Reklamı Kapat

Haziran 2020'de Apple, Apple Silicon projesi şeklinde önemli bir devrim başlattı. İşte o zaman, bilgisayarları için Intel işlemcileri tamamen terk edeceği ve bunları kendi, önemli ölçüde daha iyi çözümüyle değiştireceği bir plan sundu. Bu sayede bugün harika performansa ve düşük enerji tüketimine sahip Mac'lerimiz var; bu daha önceki modeller için bir hayaldi ama ulaşılamaz bir hedefti. M1, M1 Pro ve M1 Max yongaları Intel'in işlemcilerini ateş altına alsa da bu yarı iletken üreticisi hâlâ pes etmiyor ve dipten toparlanmaya çalışıyor.

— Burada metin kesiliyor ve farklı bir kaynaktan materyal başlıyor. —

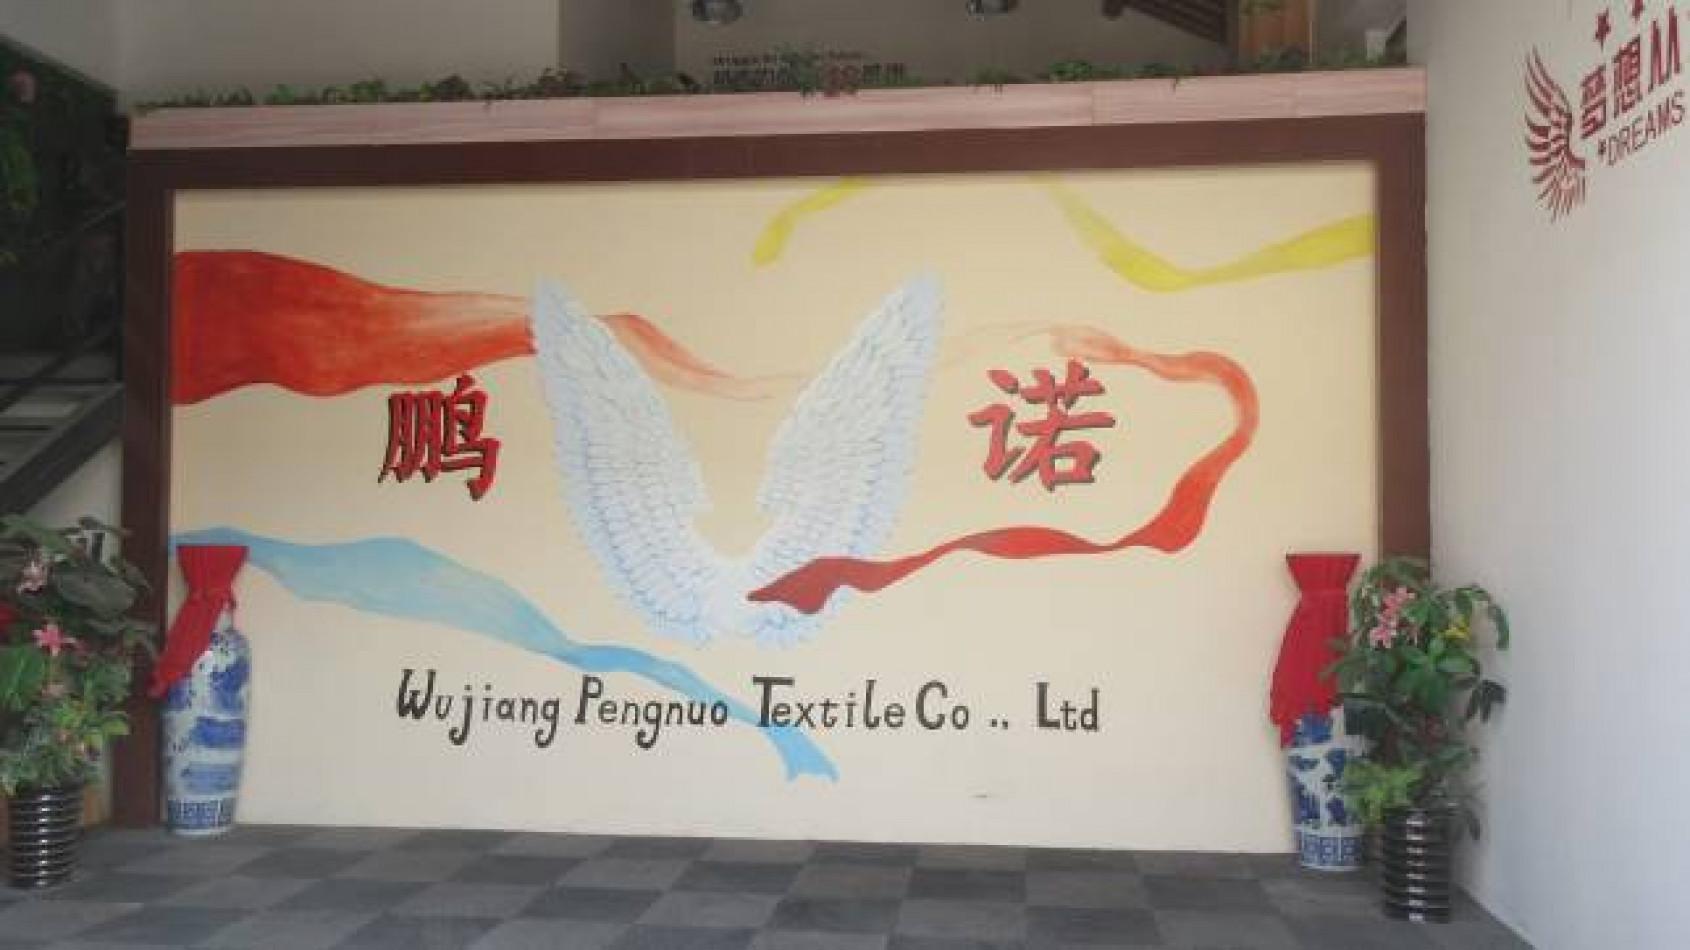 WUJIANG PENGNUO TEXTILE CO.,LTD
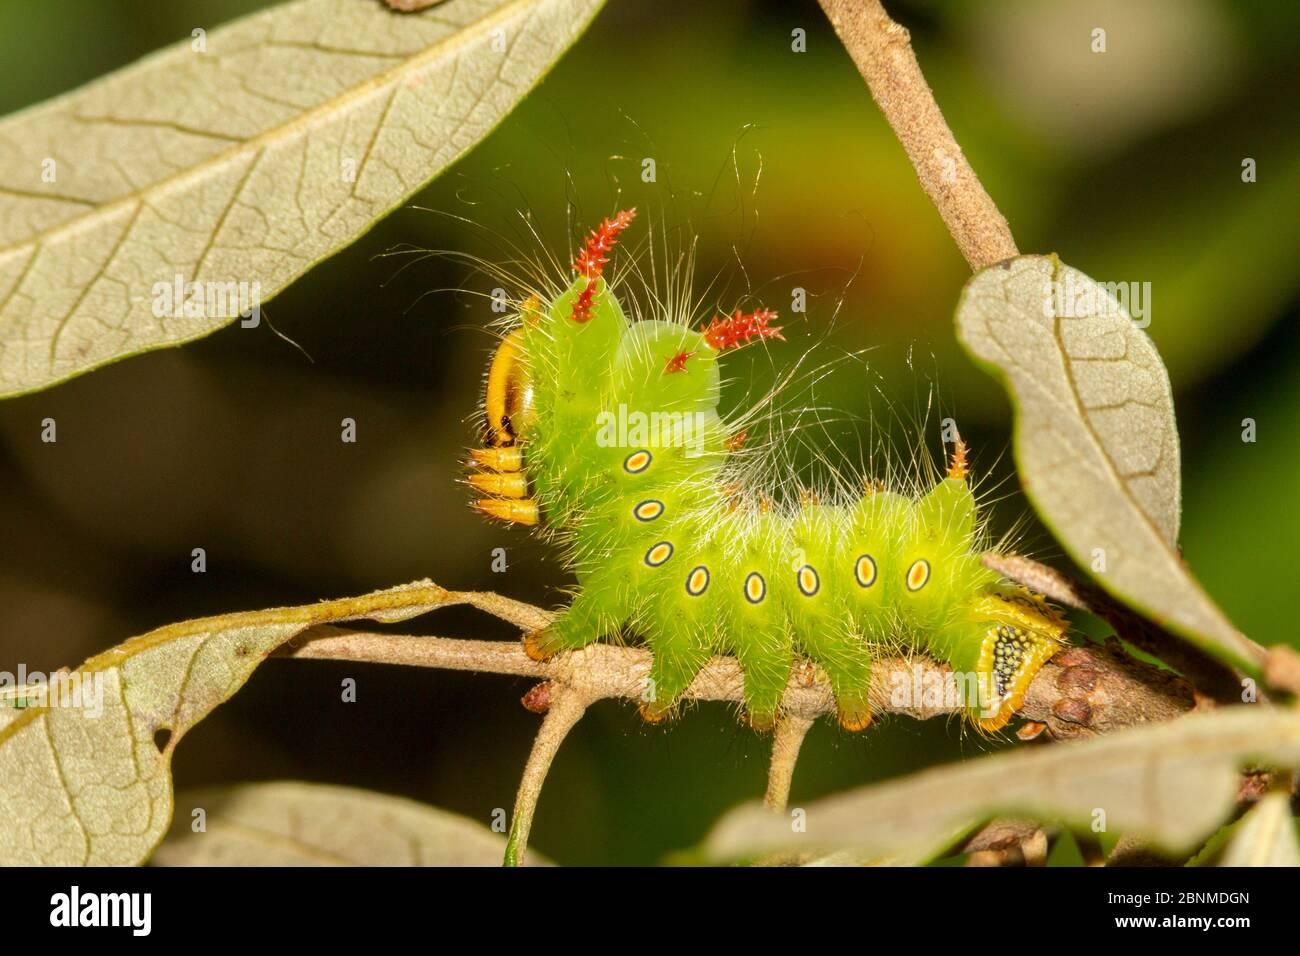 Oruga de la polilla imperial (Eacles imperialis), Condado de Orange, Florida, EE.UU. Septiembre Foto de stock

Ancak Apple Silicon ile Apple Silicon'u karşılaştırmak gerekiyor. Intel sağ taraftan görünüyor. Her iki varyantın da artıları ve eksileri vardır ve doğrudan karşılaştırılamaz. Her ikisi de yalnızca farklı mimariler üzerine kurulu değil, aynı zamanda farklı hedeflere de sahipler. Intel mümkün olan maksimum performans üzerinde çalışırken Apple bu konuya biraz farklı yaklaşıyor. Cupertino devi, pazara en güçlü çipleri getireceğinden hiç bahsetmedi. Bunun yerine sık sık bir rakamdan bahsetti watt başına performans veya watt başına güç, buna göre Apple Silicon'un net hedefi yargılanabilir - kullanıcıya en düşük tüketimle mümkün olan en yüksek performansı sağlamak. Sonuçta günümüzün Mac'lerinin bu kadar iyi pil ömrü sunmasının nedeni budur. Kol mimarisi ve gelişmiş gelişimin birleşimi, çipleri aynı zamanda güçlü ve ekonomik hale getiriyor.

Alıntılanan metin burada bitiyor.